Offers from Taiwan for LiFePO4 right now are at $1000 per kwh. You are getting ripped off.


kert: $1000.00/kwh, Is that the for full package with a battery management system, charger, and case? I'm looking for a 60V pack (in two sections) with about 50ah. The most likely configuration that will fit my bike is 5 12V packs in serial. Do you know some vendor that can get me a better price?


They likely are bootstrapping. They cant afford a full order so they order a batch make the cars sell em and then now can order more.

Asfor costs going down.. not all that quickly. Thats why car makers hedge thier bets with batteries and fuek cekks and gensets... if batteries stay high you will see 8 kwh packs if fast 35...


According to their(Altair) recent conference call, which you can access from their website, they are on a manufacturing efficiency program that will take their costs down to $.33/kwh from $2 in 18-24 months. You have to remember that this is a research company. They have never produced anything. As a stockholder, i'm hoping one of the battery bigs buys them out for about $10/share. They essentially have EVERYTHING necessary in that battery to launch the age of the electric vehicle except cost and that's just a matter of time and volume. Also AES the big electric utility has recently bought an equtiy interest in this company and they are hinting at "stationary applications". So their market will ultimatley be bigger than just the car market, if you can get your head around that.

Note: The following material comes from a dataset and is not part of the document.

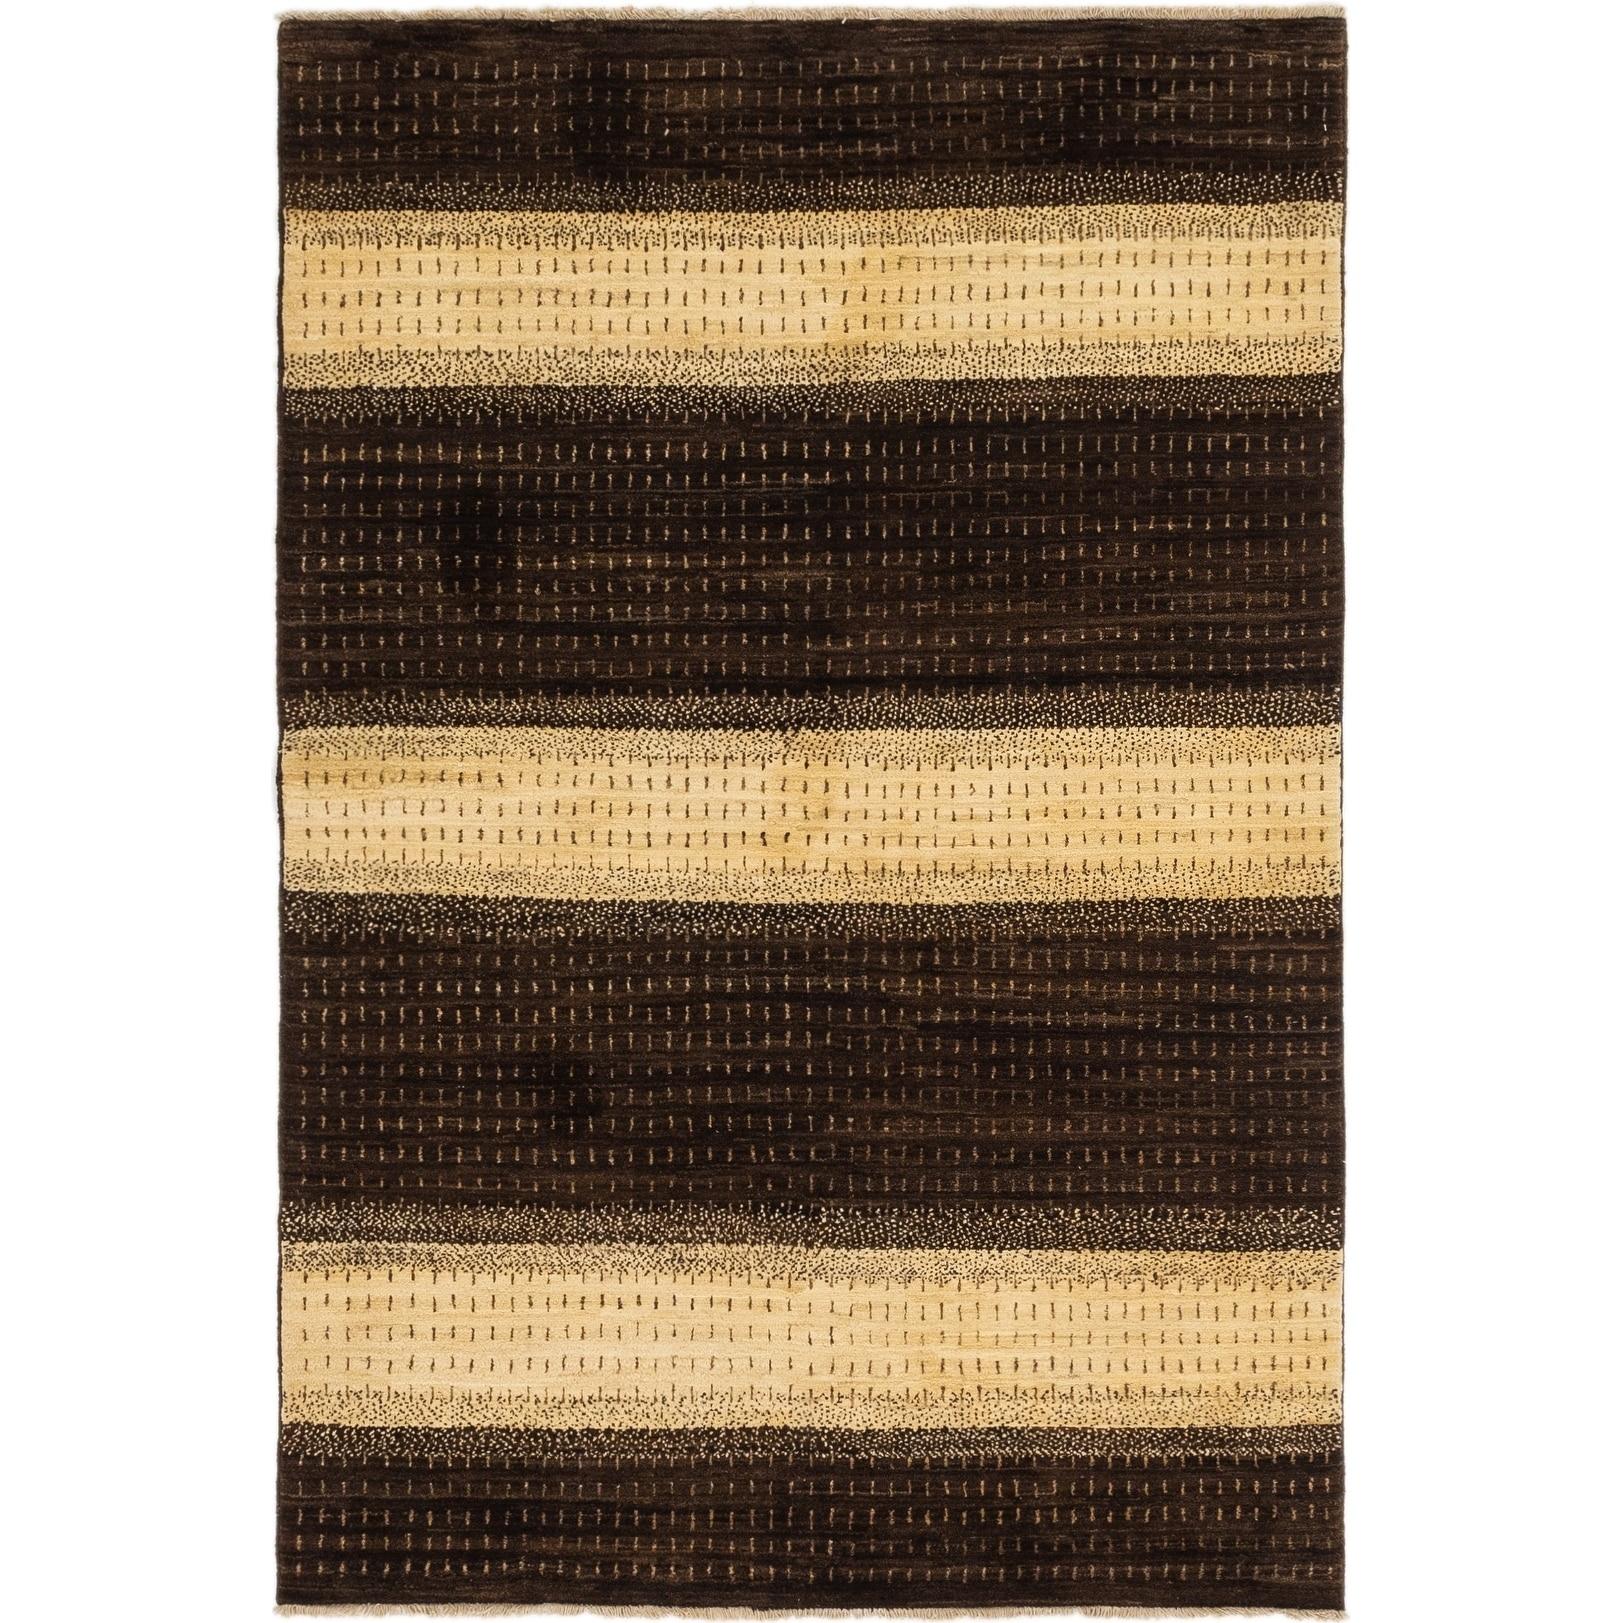 Hand Knotted Kashkuli Gabbeh Wool Area Rug - 5 x 7 3 (Brown - 5 x 7 3)
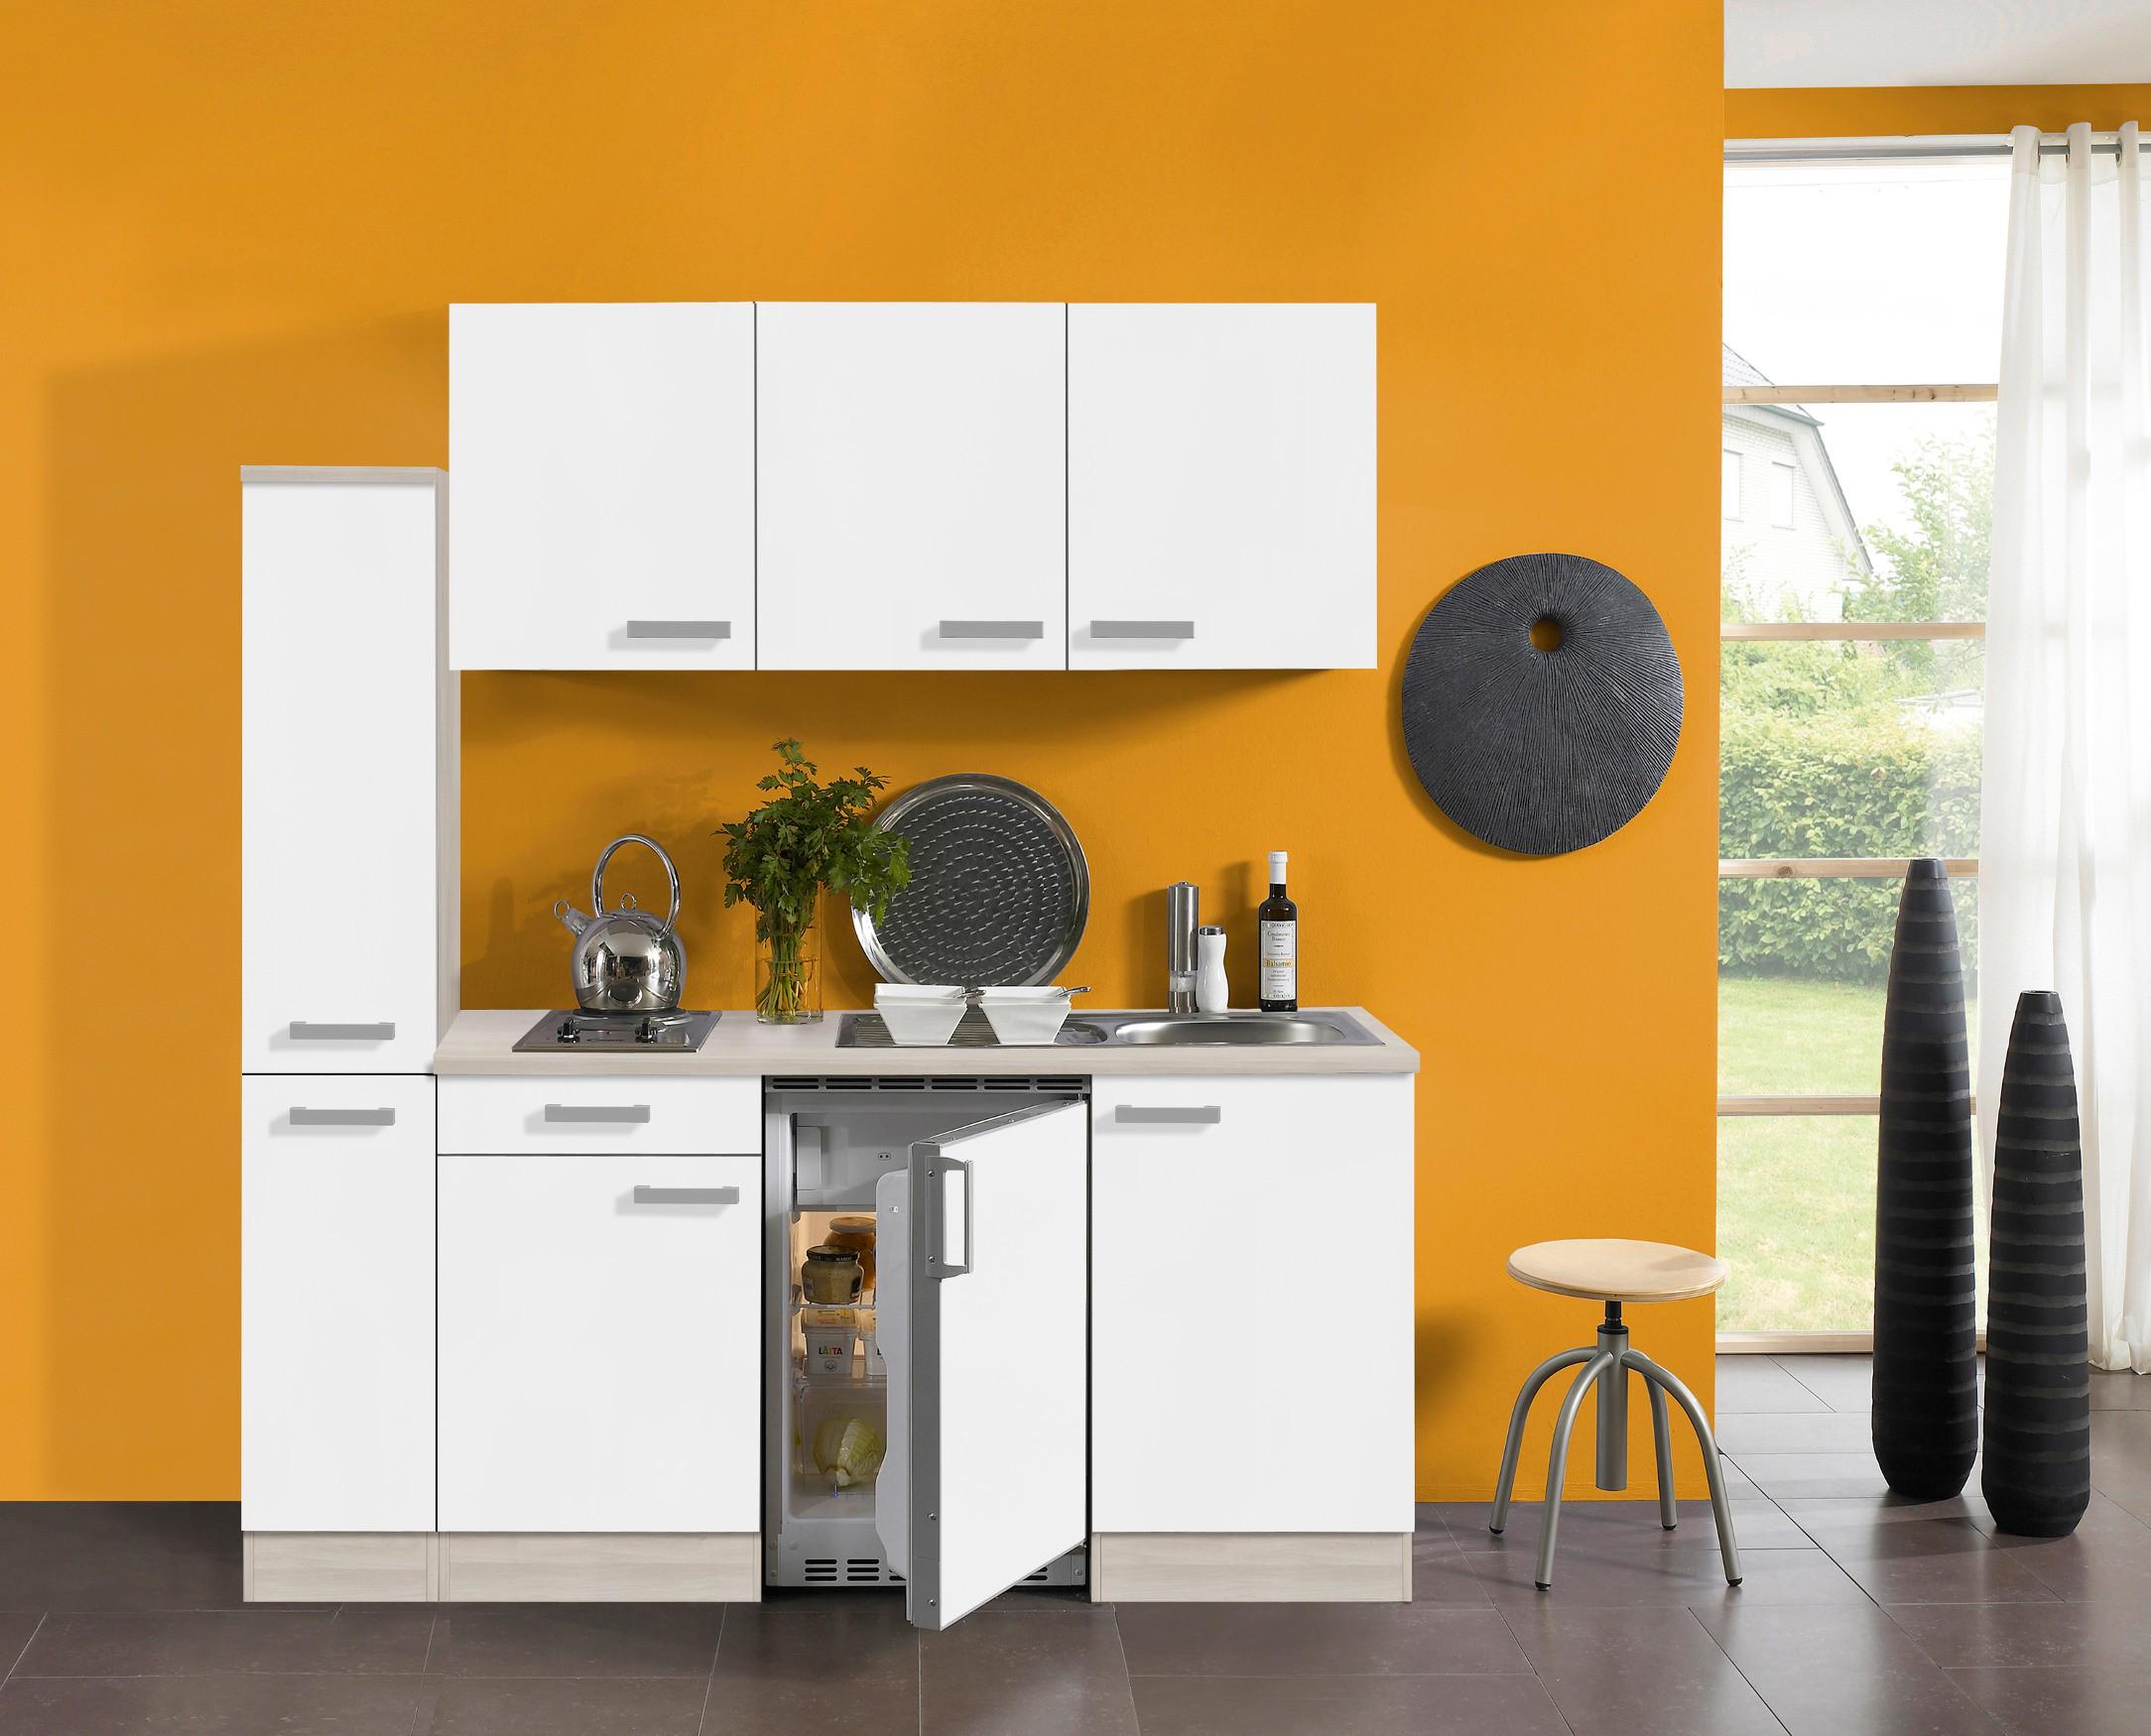 Miniküche Mit Kühlschrank 180 Cm : Singleküche barcelona mit elektro kochfeld teilig breite

First Albany just upgraded them to a buy today.

Greg woulf

at $10,000 a 35kw/h pack I think this is a successful venture. The difference between this and an ICE motor in cost could be made up through cost of maintenance and fuel cost.

The faster recharge makes it good for long or short trips and the overnight home charging makes it more convenient for almost everyone, and friendly to the utility companies.


Neil, no, thats just for the large 10AH cylindrical cells. I'll be building my own prototype integrated BMS&Charger anyway.


Neil, if thats your working email address under your name i can forward you the materials that i have gotten from the company reps.


Kert: yes please. Although I don't have the skill set to create my own BMS and charger.